In this photo provided by Sri Lanka Navy, an injured crew member of the MT New Diamond, is transferred on stretcher to an ambulance Thursday, Sept. 3, 2020, in Sangamankanda, Sri Lanka. A flotilla from Sri Lanka and India was escalating efforts to douse a fire raging on the oil tanker east of Sri Lanka for a second day Friday. The fire started Thursday in an engine room boiler on the MT New Diamond, leaving one crew member injured and one missing.(Sri Lanka Navy via AP)

By BHARATHA MALLAWARACHI Associated Press

COLOMBO, Sri Lanka (AP) — Ships, boats and aircraft from Sri Lanka and India were escalating efforts to douse an oil tanker fire burning for a second day Friday as officials warned of potentially huge environment damage on Sri Lanka’s coast if the ship leaked or exploded.

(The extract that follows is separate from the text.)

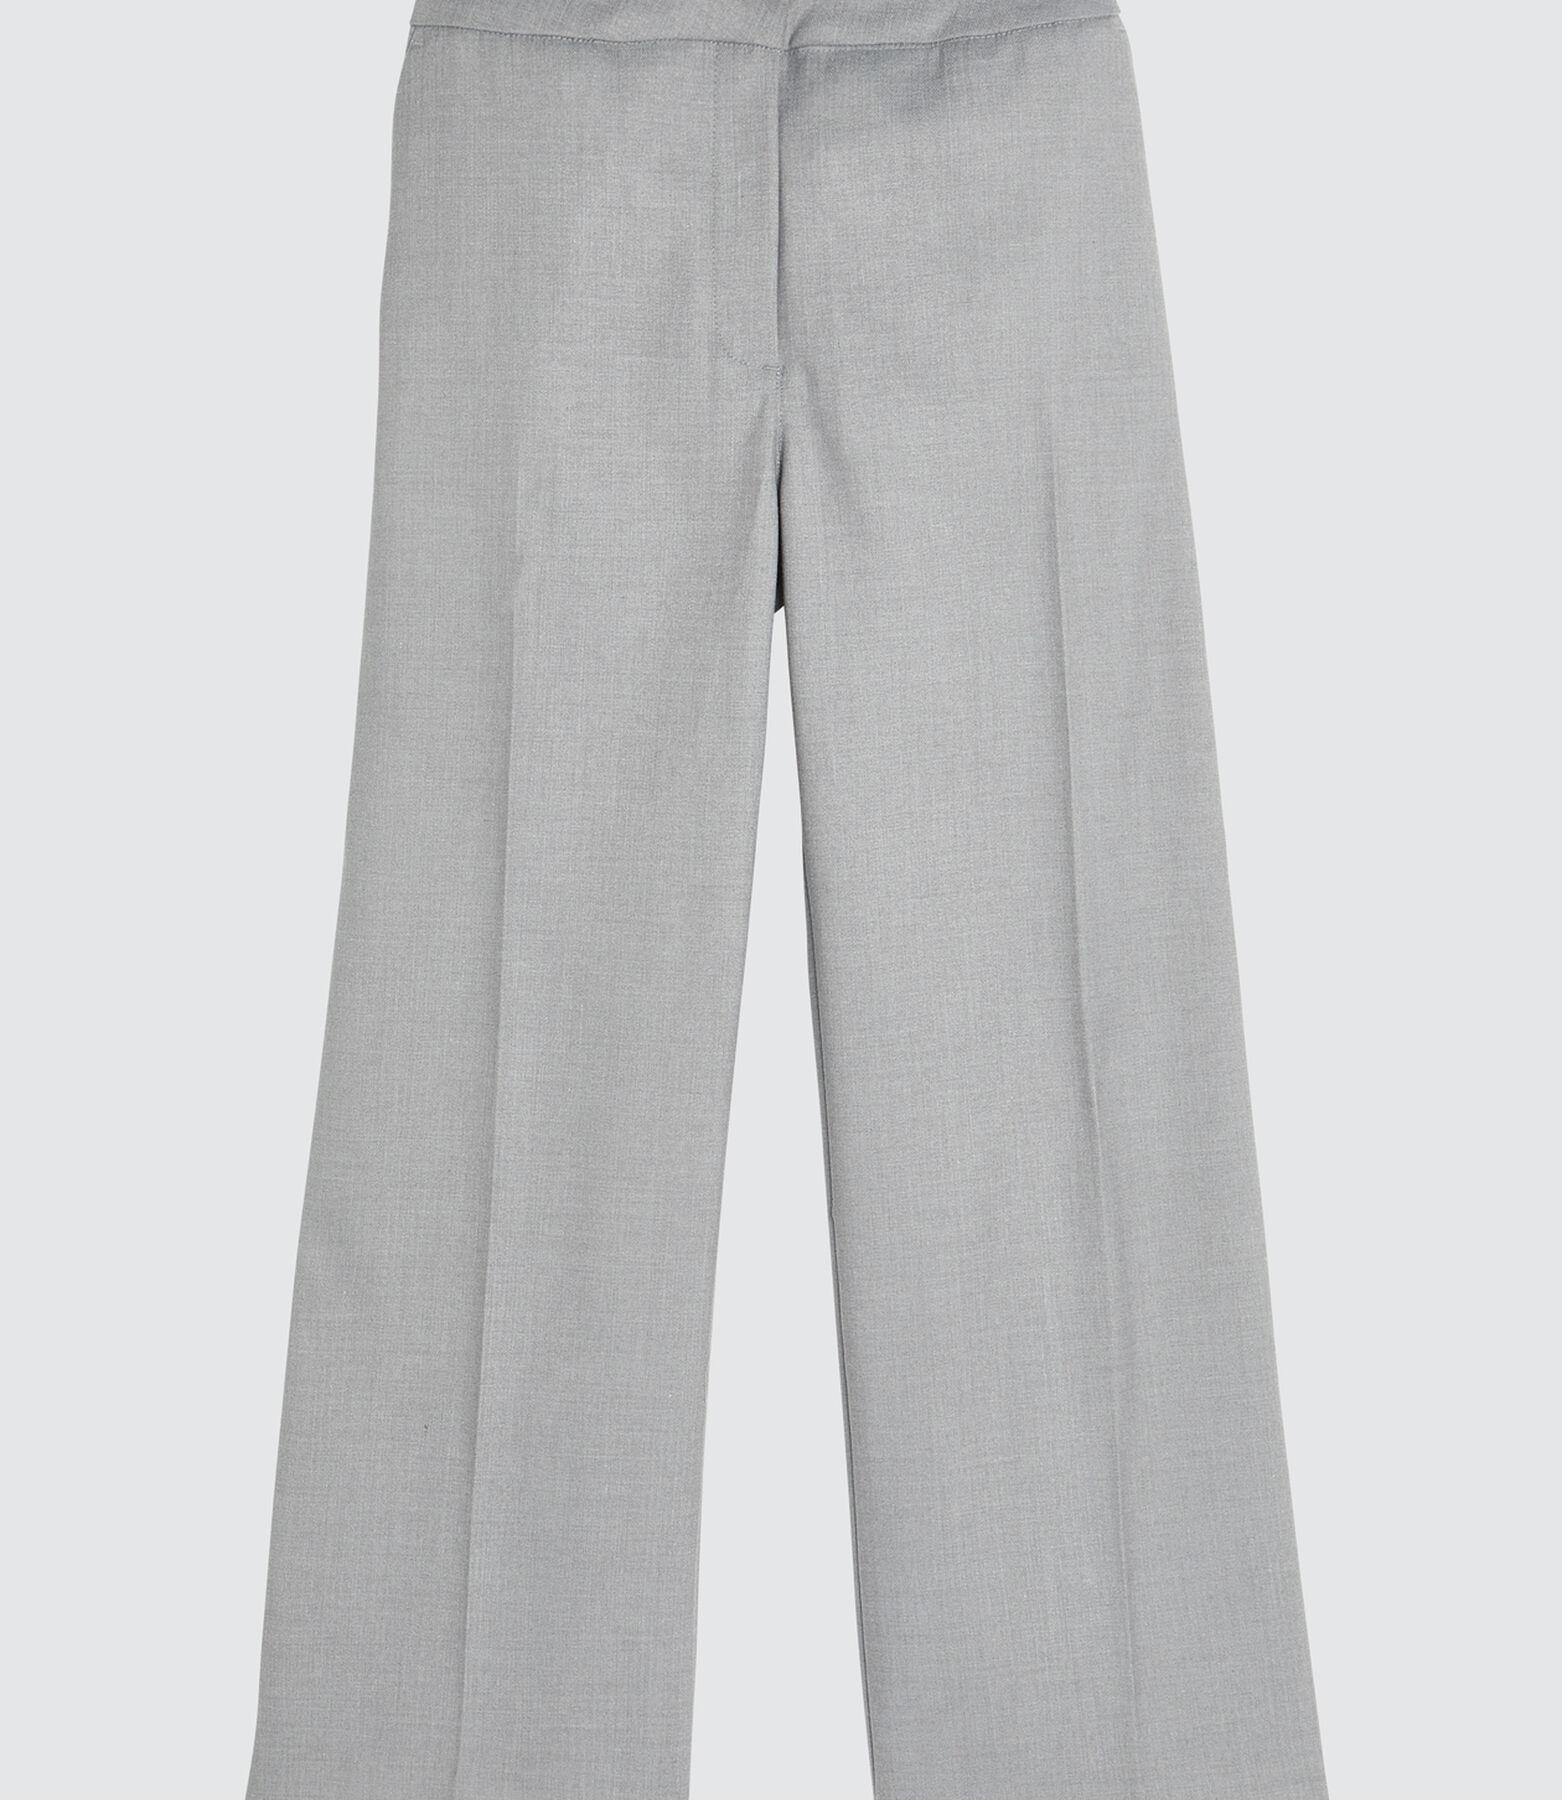 Pantalon à jambes larges uni

The tanker was drifting and could reach the coast of the Indian Ocean island nation within 38 hours, Terney Pradeep, general manager of the Sri Lanka Marine Environment Protection Authority, said on state television. That would be about late Saturday local time.

The fire has not spread into the tanker’s oil storage area and no leak was reported, according to Sri Lanka’s navy, but the environmental official warned of the potential damage if a leak or explosion occurred.

“The damage could rise further if the ship explodes due to the fire. If that happens, there could be a huge damage,” Terney said in the telecasted statement.

The MT New Diamond was about 38 nautical miles (70 kilometers) east of Sri Lanka when the fire started Thursday in an engine room boiler. One crew member was injured in the fire, and another first described as missing was later confirmed to have died in a boiler explosion.

Terney said the ship now is drifting toward the coast at a speed of 0.7 nautical miles per hour. “If an oil spill happens after it reaches near the coast, there could be a huge damage on the beach.”

The Sri Lankan navy sent four ships in response to the fire alarm Thursday, and other ships and aircraft from Sri Lanka and India have joined the firefighting efforts. The other 21 crew left the tanker uninjured as the fire burned.

A Sri Lankan air force helicopter was picking up seawater in a bucket then flying back to dump the water on the burning tanker, air force spokesman Group Capt. Dushantha Wijensinghe said. The air force also was flying an observation aircraft to provide feedback to the authorities.

“The fire is still raging there,” Sri Lankan navy spokesman Indika Silva said Friday morning, adding it hasn’t spread into the oil storage area of the ship and no oil leakage has been reported.

The tanker’s 23 crew are 18 Filipinos and five Greeks. The dead and injured crew are both Filipino.

The dead crew member was initially reported as missing and on Friday, Sri Lanka navy said preliminary information from crew had confirmed that the missing crew member had died “in a boiler explosion.”

The tanker’s third engineer was hospitalized with injuries. His condition is returning to stable, Silva said.

The tanker was carrying 270,000 metric tons of crude oil from the port of Mina Al Ahmadi in Kuwait to the Indian port of Paradip, where the state-owned Indian Oil Corporation has a refinery.